Has anyone used CA videos to study and passed?
I've used TIA before for other exams but I am thinking to try CA videos this time. I will supplement it with ADAPT + old ASM (I think 14th ed) + CA review videos.

So far I have seen one review that said it is quiet detailed but that the layout can get boring since repetitive.
Has anyone only used CA videos to learn the concepts from 0 (well not necessarily zero, but like no stats background) and passed successfully?

#2
11-01-2016, 05:21 PM
 kushy04 SOA Join Date: Jan 2016 Location: Two blocks from where I am now. Studying for nothing, I can't read College: Dublin Scioto High School Favorite beer: Spiced Dark Rum Posts: 17

got my thumbs up for CA, helped me pass P, FM, and MFE first try, no manual, no other resources used, no prior background in stats.
#3
11-02-2016, 10:52 AM
 Z3ta Member SOA Join Date: Sep 2015 Posts: 361

I used the CA videos and most of the material was new to me. I passed on the first try.

I would recommend the Weishaus videos (full course)

Pros:
(1) He will teach you many algebraic techniques throughout that save time in problems.
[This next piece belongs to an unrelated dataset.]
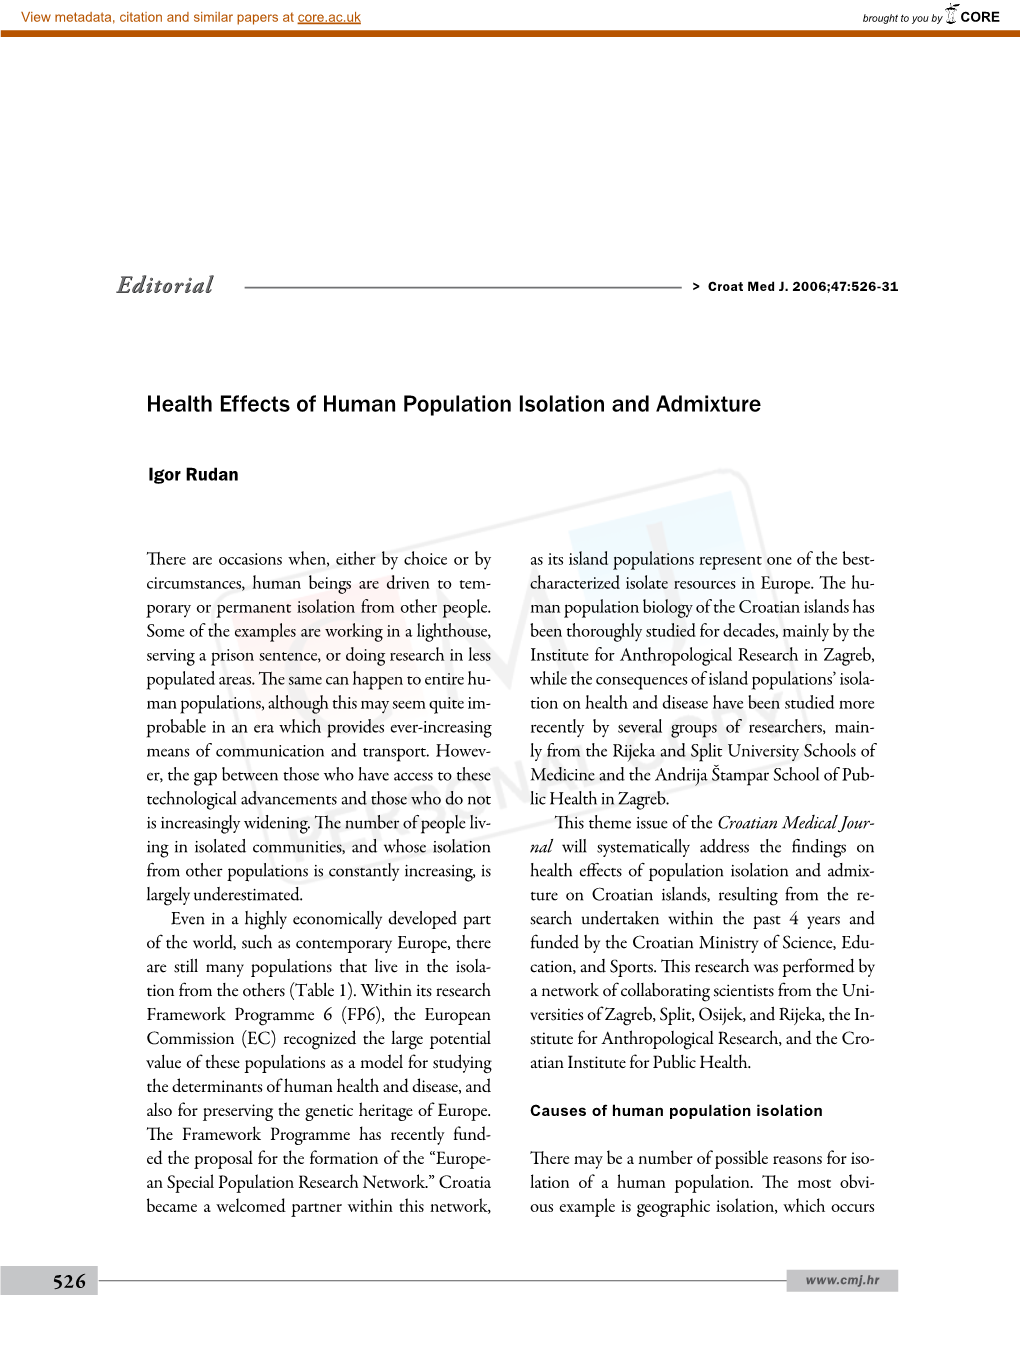 Health Effects of Human Population Isolation and Admixture Editorial

Often times my algebra work would not be as efficient as what he'd do so that was helpful.
(2) The problems are a/s/m problems and labeled the same way so if you have the manual you can watch the video solutions as well as trace the written solutions in the manual. Sometimes they aren't the same and supplement each other well.
(3) He wrote the a/s/m manual and really knows his stuff as well as the exam. He mentions trends he's noticed in how the exams are written and often caveats the lessons with the relative importance and his opinion of the likelihood of appearing on the exam.
(4) Mistakes are rare.
(5) You can buy the videos without purchasing the rest of the course (I don't think the other stuff is necessary).

Cons:
(1) He often glosses over details to make the solution fit nicely in the slides and you can get lost if you don't stop the video and make sure you're connecting each step. Make sure you also pay attention closely to verbal comments because sometimes there are useful deep insights that you might miss if you're preoccupied with only what's written on the slides.
(2) He doesn't use a pop filter, often there are distracting background noises and there seem to be older videos splashed in from before the videos were updated to a new format. This can be rather distracting because the sound quality on these videos is quite poor. Most are new and sound fine though.
(3) There is a lot of content and it can be overwhelming if you're short on time.
(4) The focus is not on spoon feeding the viewer. Aside from specific "visual topics" like kernel smoothing you won't see a ton of visual aids. TIA tends to be more focused on visual aids and making the material "easily digestible", but personally I think sometimes it is at the expense of accuracy. You will have to work harder using these videos, but probably to your benefit.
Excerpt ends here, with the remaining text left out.